Alex Smith turns 34 in May. He was traded (in principle) Tuesday night to a team with far fewer offensive weapons than the team he’s leaving behind in Kansas City. His old team just won back-to-back division titles and made the playoffs four times in his five seasons with them. His new team has one playoff trip in the same span and won as many as nine games once.

Oh, and Smith's new team? It managed that stretch under two head coaches, three de facto general managers … and two quarterbacks, both of whom once were in position to be the franchise guy. In a couple of months, they’ll both be gone. No more Robert Griffin III, and soon, no more Kirk Cousins.

Welcome to Washington, Alex Smith. Enjoy this stage of your career, with a franchise that excels best in getting in its own way.

On the other hand, Smith can enjoy his reported $70 million contract extension. Yes, Smith, at nearly 34, gets the payday Washington’s front office could never bring itself to give Cousins, who is four years younger and who managed to perform despite the indecision, lack of commitment and overt and covert aspersions from his bosses.

Cousins probably will not mourn the end of his six-year tenure in the nation’s capital. He navigated the internal beef that eventually took down his predecessor, Griffin. Yet he will depart as the subject of a different beef, but with similar divisive results. He’ll get the contract from some team in a quarterback-starved league that his old team was never convinced he deserved.

Smith, then, steps in with a team that, as this deal appears to signal, believes it’s close to contention.
Washington went 7-9 in 2017, and this move at best keeps it ahead of the Giants in the NFC East. Neither the Eagles nor the Cowboys should be peering over their shoulders.
Unless this is the first chess move of a grandmaster-level offseason, Washington in 2018 will have little more than Smith and a lot of prayers for better luck with injuries.

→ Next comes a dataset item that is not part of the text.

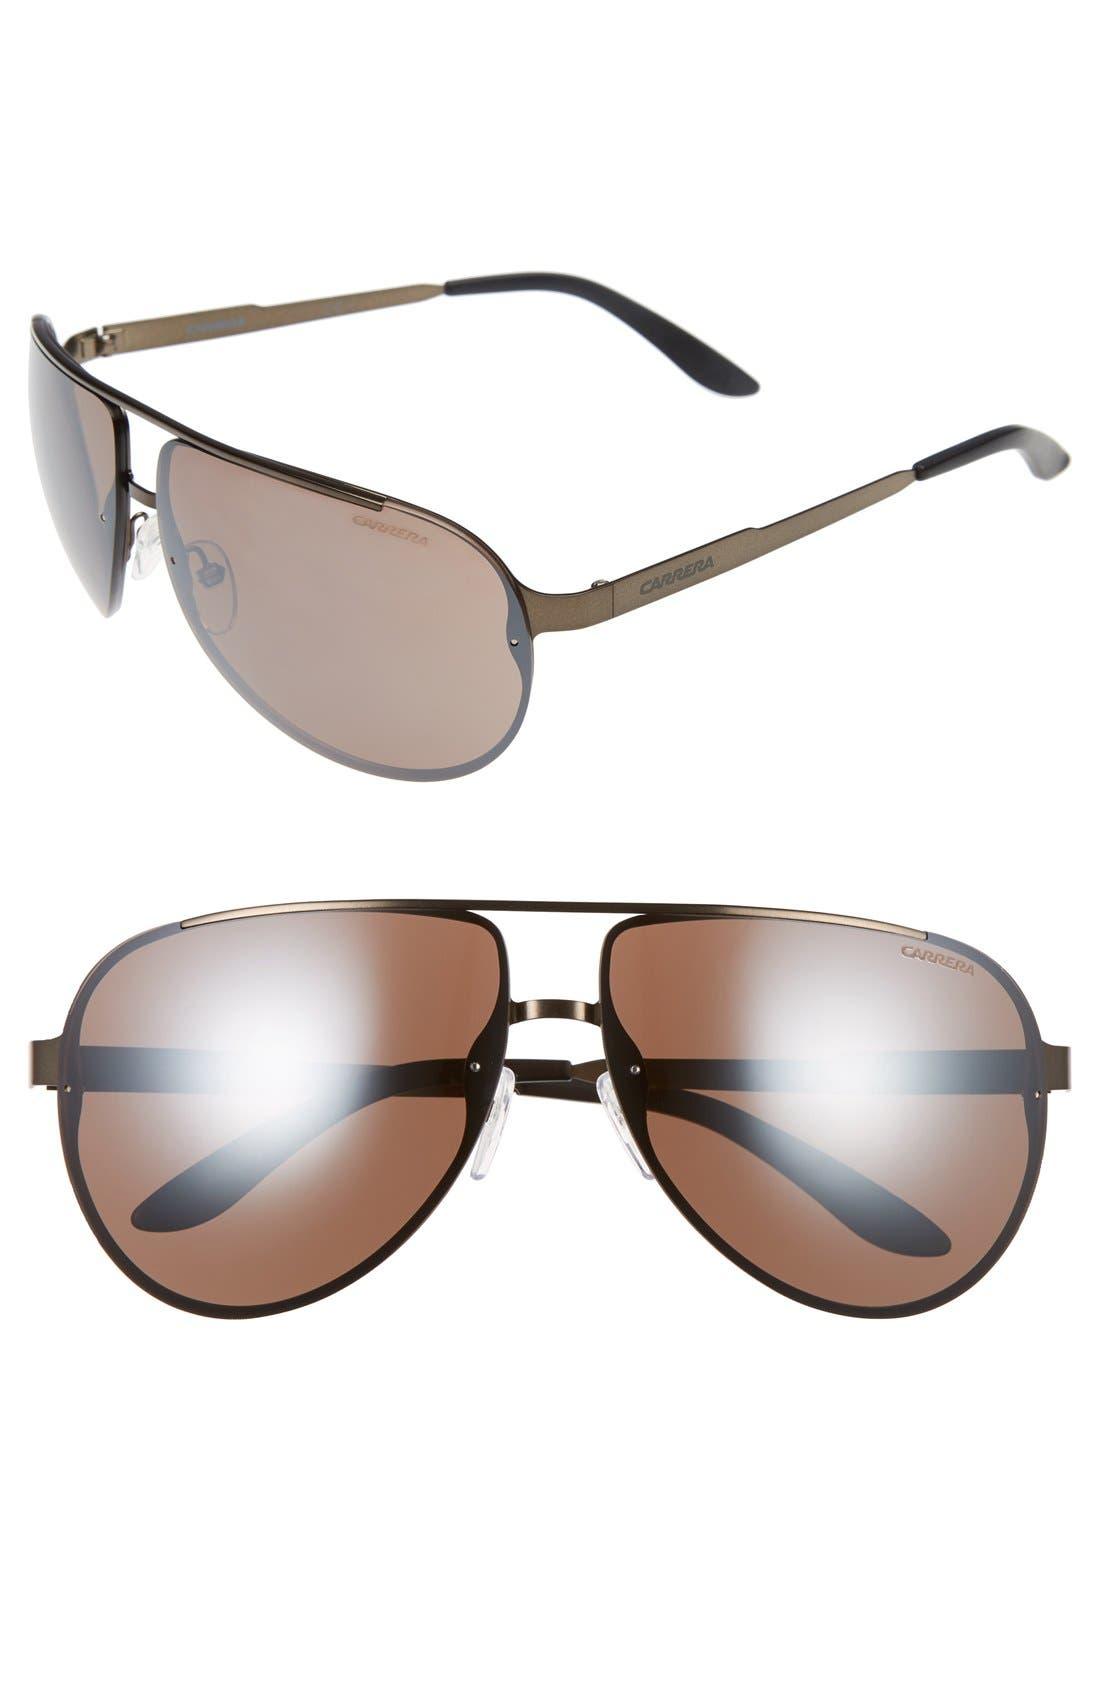 Main Image - Carrera Eyewear CA102 65mm Aviator Sunglasses

Washington's new quarterback definitely will not have a Kareem Hunt, a Tyreek Hill or a Travis Kelce — as a quartet, Hunt ran for more than 1,000 yards, Hill and Kelce caught passes for more than 1,000 each and Smith threw for 4,000-plus. Who among the Chris Thompsons, Jamison Crowders, Josh Doctsons and Jordan Reeds can stay on the field and produce enough to match that?

There's also this to consider: the person with whom Bruce Allen did this deal.
Andy Reid committed larceny once before with this franchise, in 2010 while coaching the Eagles. He packaged Donovan McNabb, coming off a strong season for a playoff team and approaching his 34th birthday, to Washington and coach/president Mike Shanahan. Reid had his replacement ready then (Kevin Kolb, which didn’t work out), and he has Smith’s replacement ready now (Patrick Mahomes).
For Washington, that … didn’t work out, for anybody involved.

History doesn’t have to repeat itself. Smith might have a lot more mileage left. And to be fair, Cousins threw for more than 4,000 yards with the bunch Smith inherits.

Still, everything about this move paints a picture of a franchise determined to hand the franchise reins over to Not Kirk Cousins. Washington accomplished that Tuesday.